Нарушения энергетического метаболизма зачастую проявляются уже при рождении ребенка, но могут иметь место в любой период его жизни, в зависимости от тяжести генетического дефекта и вовлеченных в патологический процесс органов. Значительные изменения в потреблении углеводов могут инициировать острую декомпенсацию в митохондриальных нарушениях. Нарушение обмена жирных кислот с длинной углеродной цепью при некоторых дефектах бета-окисления вызывают клинические признаки митохондриальных нарушений в периоды голодания. Митохондриальные нарушения также вызывают заметное и зачастую необратимое ухудшение клинического состояния при интеркуррентных заболеваниях.
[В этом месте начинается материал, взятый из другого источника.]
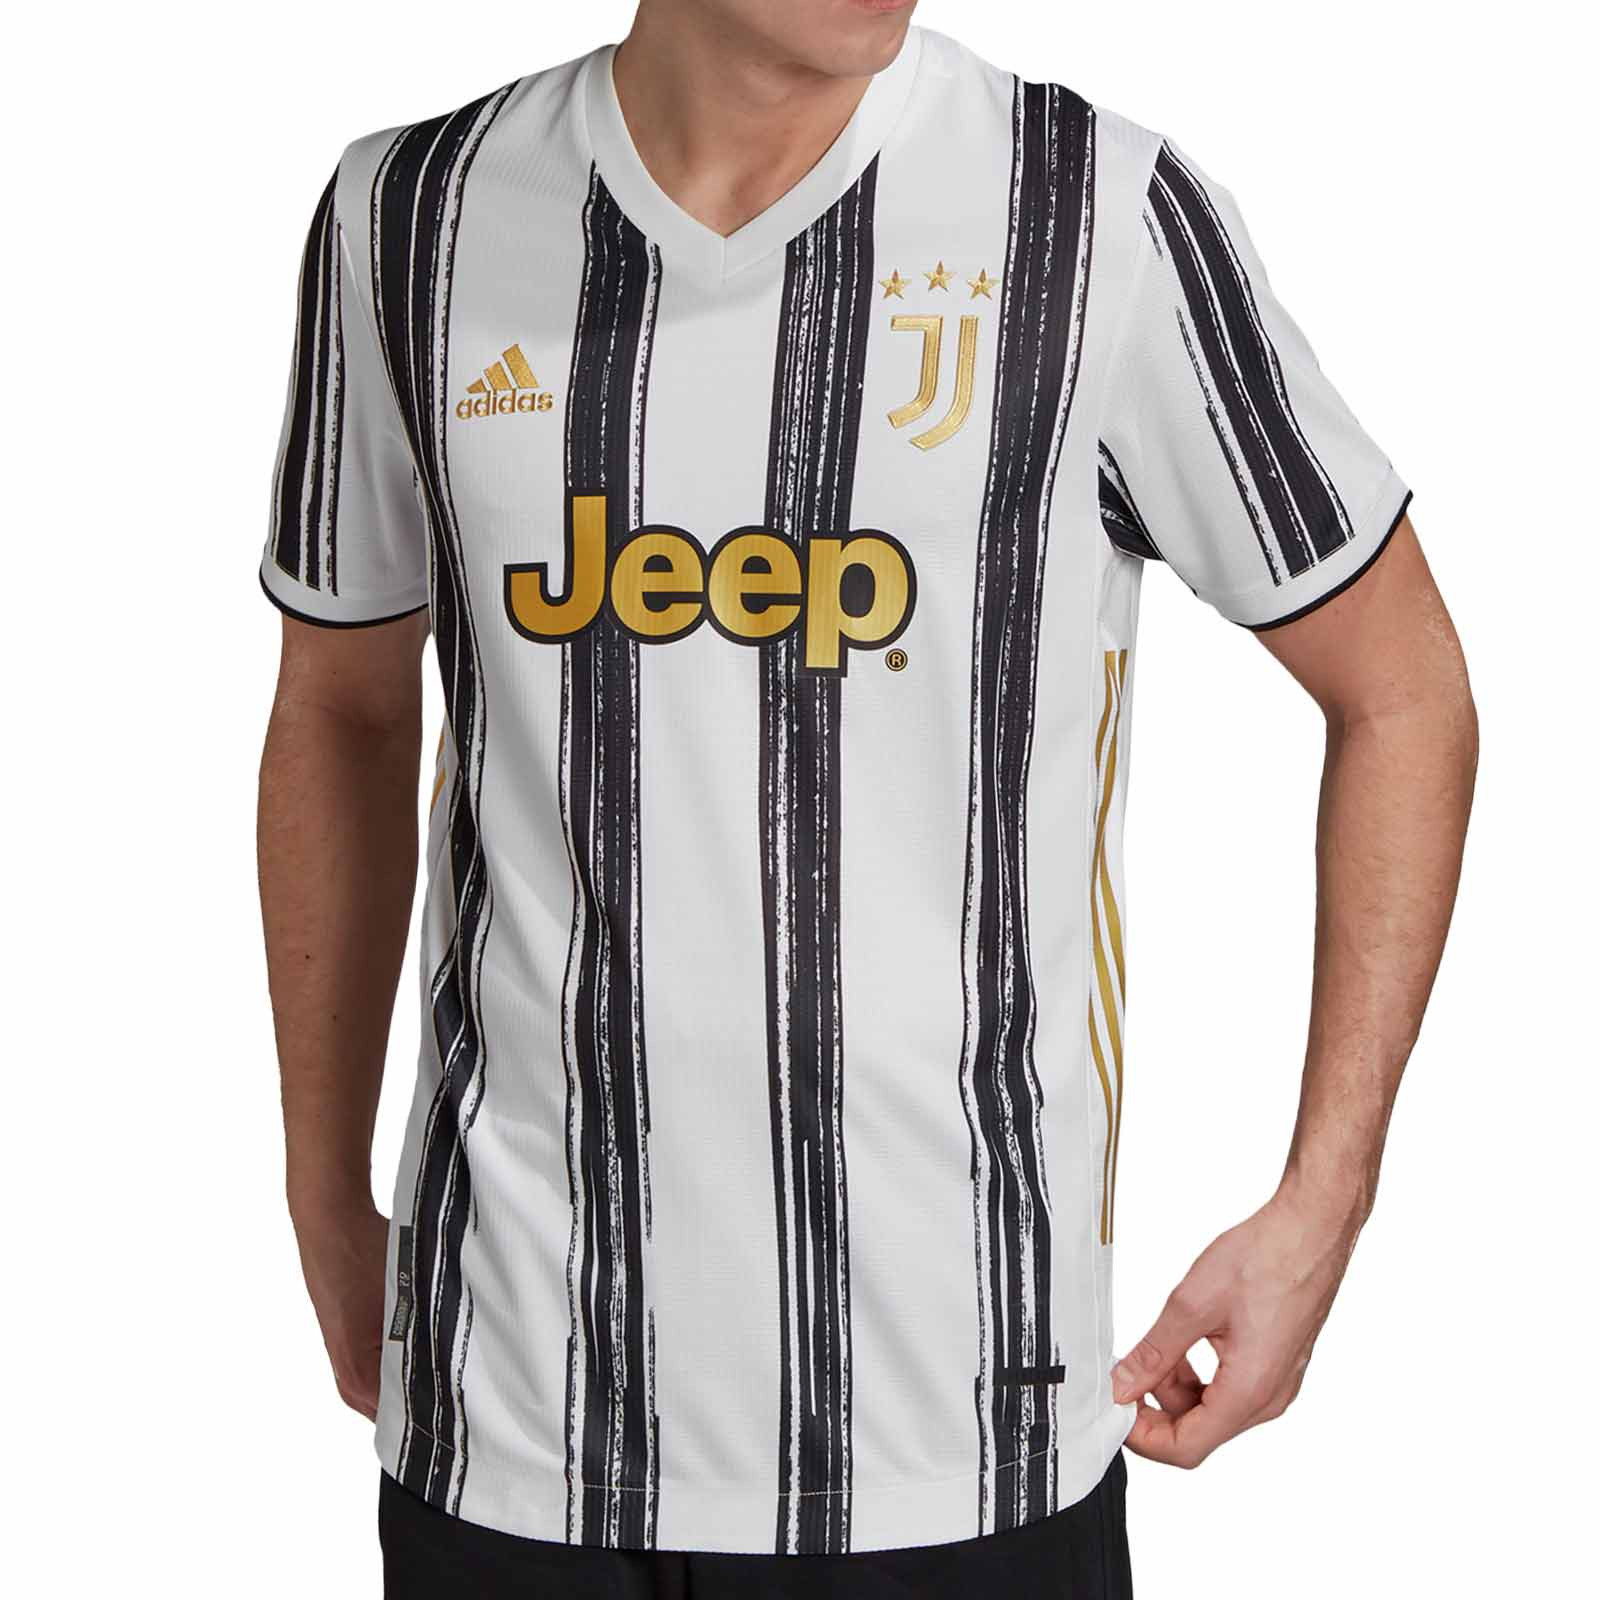 Camiseta adidas Juventus 2020 2021 futbolmania

Нарушения метаболизма сложных молекул редко проявляются в виде острых метаболических кризов, часто протекают с развитием вариабельной и зачастую прогрессирующей дисфункции органов на протяжении всего периода детства. При этом обычно не удается обнаружить каких-либо провоцирующих факторов. Клиническое проявление дефектов системы нейромедиаторов и связанных с ней нарушений зависит от онтогенетической экспрессии систем этих нейромедиаторов и их рецепторов. У пораженных детей симптомы зачастую проявляются сразу после рождения; симптомы внутриутробной эпилепсии могут свидетельствовать о наличии болезни, даже пренатально.